- Kankroli (Rajsamand) Location in Rajasthan, India Kankroli (Rajsamand) Kankroli (Rajsamand) (India)
- Coordinates: 25°04′00″N 73°53′00″E﻿ / ﻿25.0667°N 73.8833°E
- Country: India
- State: Rajasthan
- District: Rajsamand
- Founder: Maharana Raj Singh
- Elevation: 546 m (1,791 ft)

Population
- • Total: 67,798

Languages
- • Official: Mewari, Hindi
- Time zone: UTC+5:30 (IST)
- Postal code: 313324
- Lok Sabha constituency: Rajsamand (Lok Sabha constituency)

= Kankroli =

City in Rajasthan, India

Kankroli is a twin City with Rajnagar, located in the district of Rajsamand in Rajasthan, India. It is located about 42 mi north of Udaipur and forms a twin town with Rajsamand. Rajsamand is famous for Rajsamand lake built by Maharaja Raj Singh - I. Along the Rajsamand lake is the Kankroli town. It is known for its beautiful Dwarkadhish Ji Temple devoted to Lord Krishna.

==History==
Kankroli was an Jagir in the erstwhile Mewar state, consisting of 21 villages, granted to Gosain of the Dwarkadhish ji Temple as free grant. Dwarkadhish ji temple is 3rd peeth of Shuddhadvaita pushtimarg found by Jagadguru Vallabhcharyaji. Dwarkadhish ji was brought to Mewar in 1669 AD by descendants of Vallabhcharya and in 1671 AD village of Asotiya was granted to construct temple for Dwarkadhish ji. After construction of Rajsamand was completed in 1676 AD, Dwarkadhish ji Temple was shifted to its current location. Dwarkadheesh ji Temple is Third Peeth of Vallabh Sampraday.

==Demographics==
As per Census India 2011, the Rajnagar Nagar Parishad has a population of 67798 in 2011.

==Civic administration==
Rajsamand municipal board was created in 1956, which was promoted to Rajsamand Nagar Parishad in 2012.

==Transportation==
The town lies on NH-48 (old NH-8) Udaipur-Ajmer.
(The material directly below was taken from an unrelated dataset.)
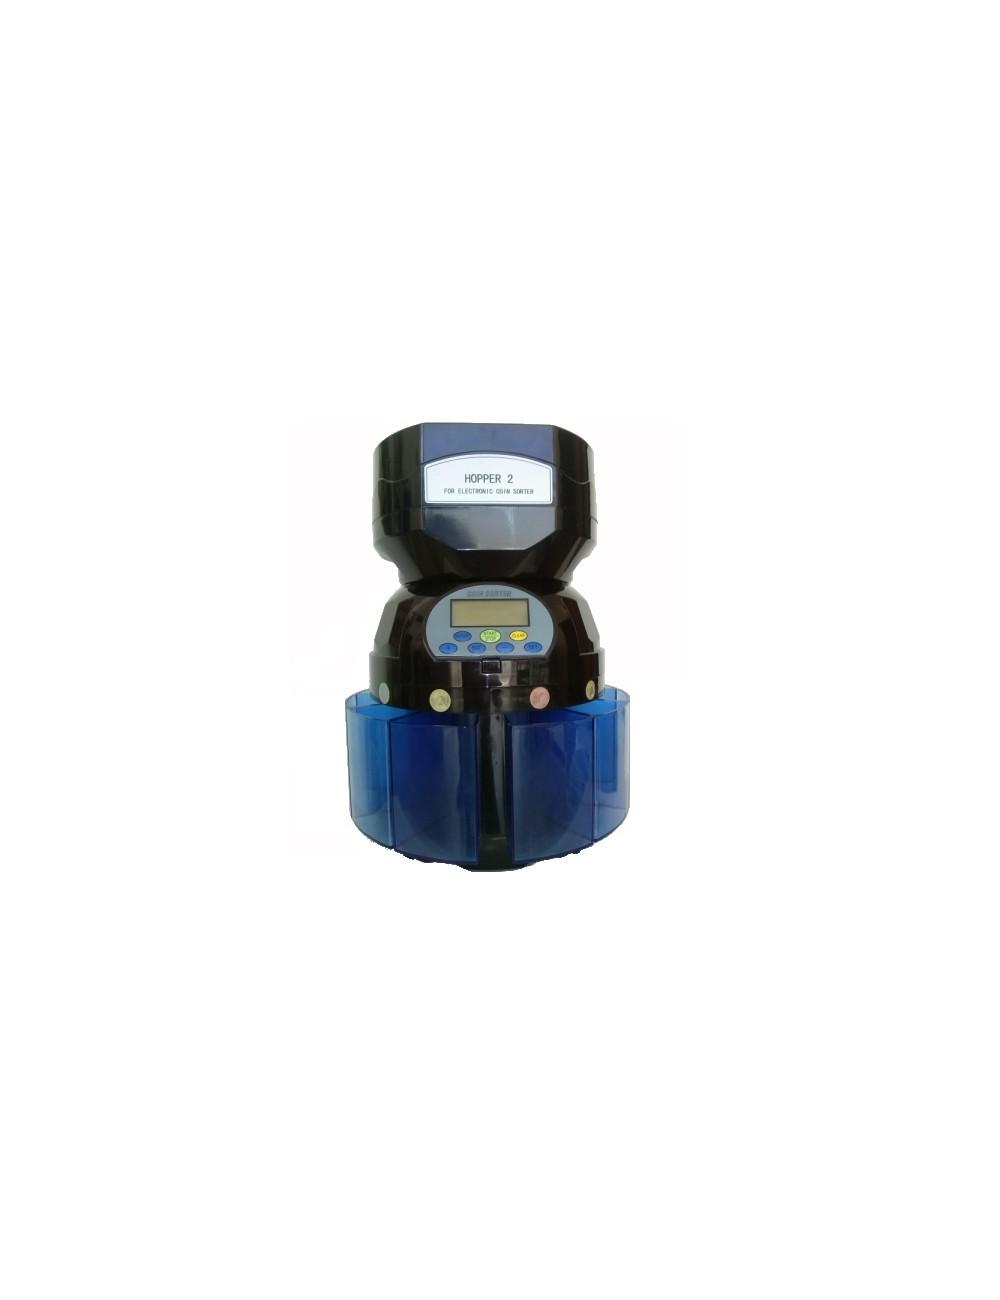 Μετρητής Καταμετρητής Διαχωριστής Κερμάτων Contact PCD 650 PLUS με πρόσθετη χοάνη

Kankroli is a railway station on the meter gauge route between Mavali-Marwar Junction.

==Economy==
Kankroli is famous for the JK Tyre plant, which is one of the leading Tyre Manufacturers in India. A whole village is named after it known as JayKay Gram.
The city is emerging as an administrative co-industrial center, with increasing businesses related to building materials and marble.